Materials and methods

Participants

A total of 155 Chinese children (82 boys, 73 girls; mean age = 67.49 months, SD = 3.58 months, range = 56–74 months) were recruited from one urban public kindergarten and two suburb public kindergartens in Shanghai, China (letters of information were initially sent to the parents of about 180 children). All three kindergartens are rated as level-one by the quality rating system at the city level.1 All children were attending the third year of kindergarten, and none were diagnosed with intellectual, sensory, or behavioral disorders. A total of 13 children withdrew from the study at the second or third wave because of their illness or moving to other kindergartens. The data were missing completely at random (MCAR) according to the results of Little’s MCAR test (χ2 = 77.2, df = 76, p = 0.44). Across three timepoints, about 60–70% of the questionnaires were completed by mothers, 30–40% by fathers, and less than 5% by grandparents. Most parents had three-year college studies or four-year university studies (63% fathers, 68% mothers), some of the parents had graduate studies (21% fathers, 14% mothers), and the remaining had high school studies or vocational school studies (8% fathers, 11% mothers), or primary or junior high school studies (8% fathers, 7% mothers).

Materials

Home numeracy practices

Parents were asked to report how frequently they engaged in 13 numeracy-related activities (based on the original questionnaire of LeFevre et al., 2009; Huang et al., 2017) with their children in the recent month (e.g., ‘In the last month, how often did you work with your child on printing numbers?’) using a 5-point Likert scale (0 = never to 4 = almost daily).

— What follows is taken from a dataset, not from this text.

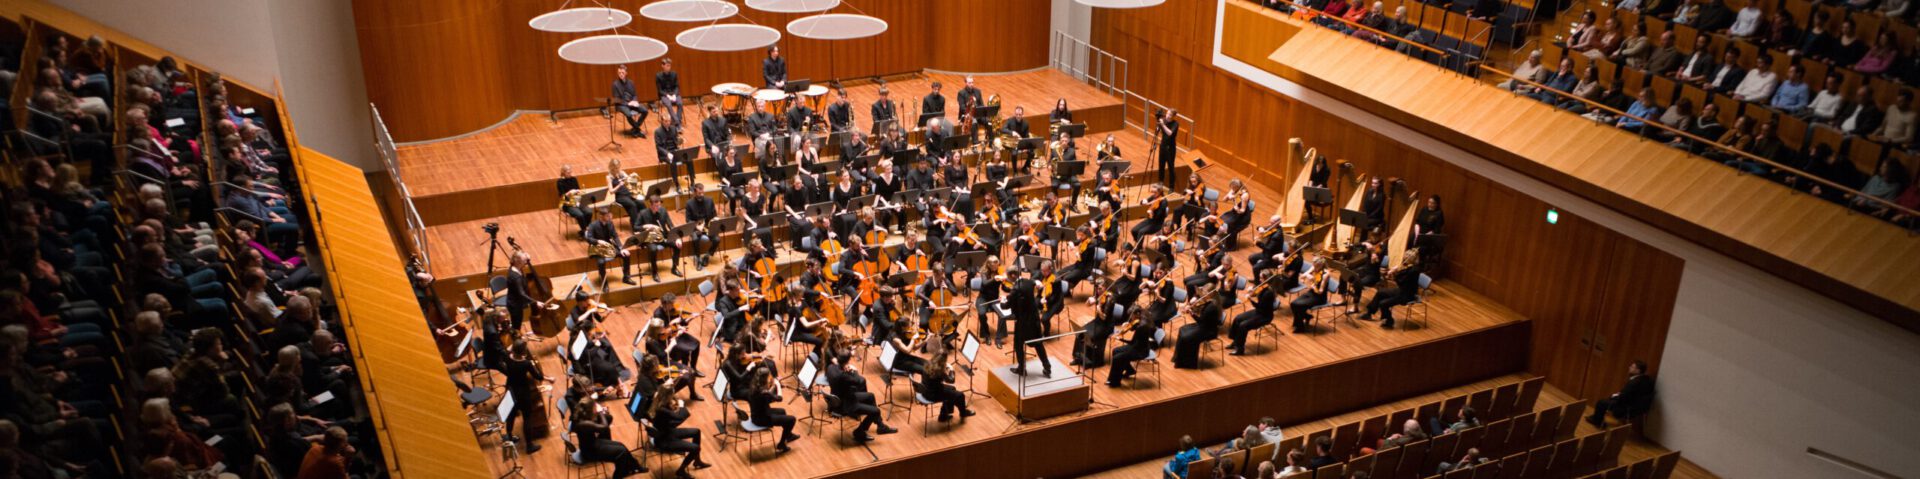 KHG-Orchester Freiburg

According to the structures in previous studies (e.g., LeFevre et al., 2009; Huang et al., 2017), three-factor models were constructed firstly: formal teaching was assessed with seven items (‘teaching counting’, ‘teaching skip counting’, ‘comparing size or magnitude’, ‘teaching compare or counting on computer’, ‘identifying numbers’, ‘printing numbers’, and ‘teaching simple arithmetic’), number games three items (‘playing card games’, ‘playing board games with dice or spinner’, and ‘playing computer games involving mathematics’), and number application three items (‘being timed’, ‘talking about money’, and ‘talking about stops on bus or subway’).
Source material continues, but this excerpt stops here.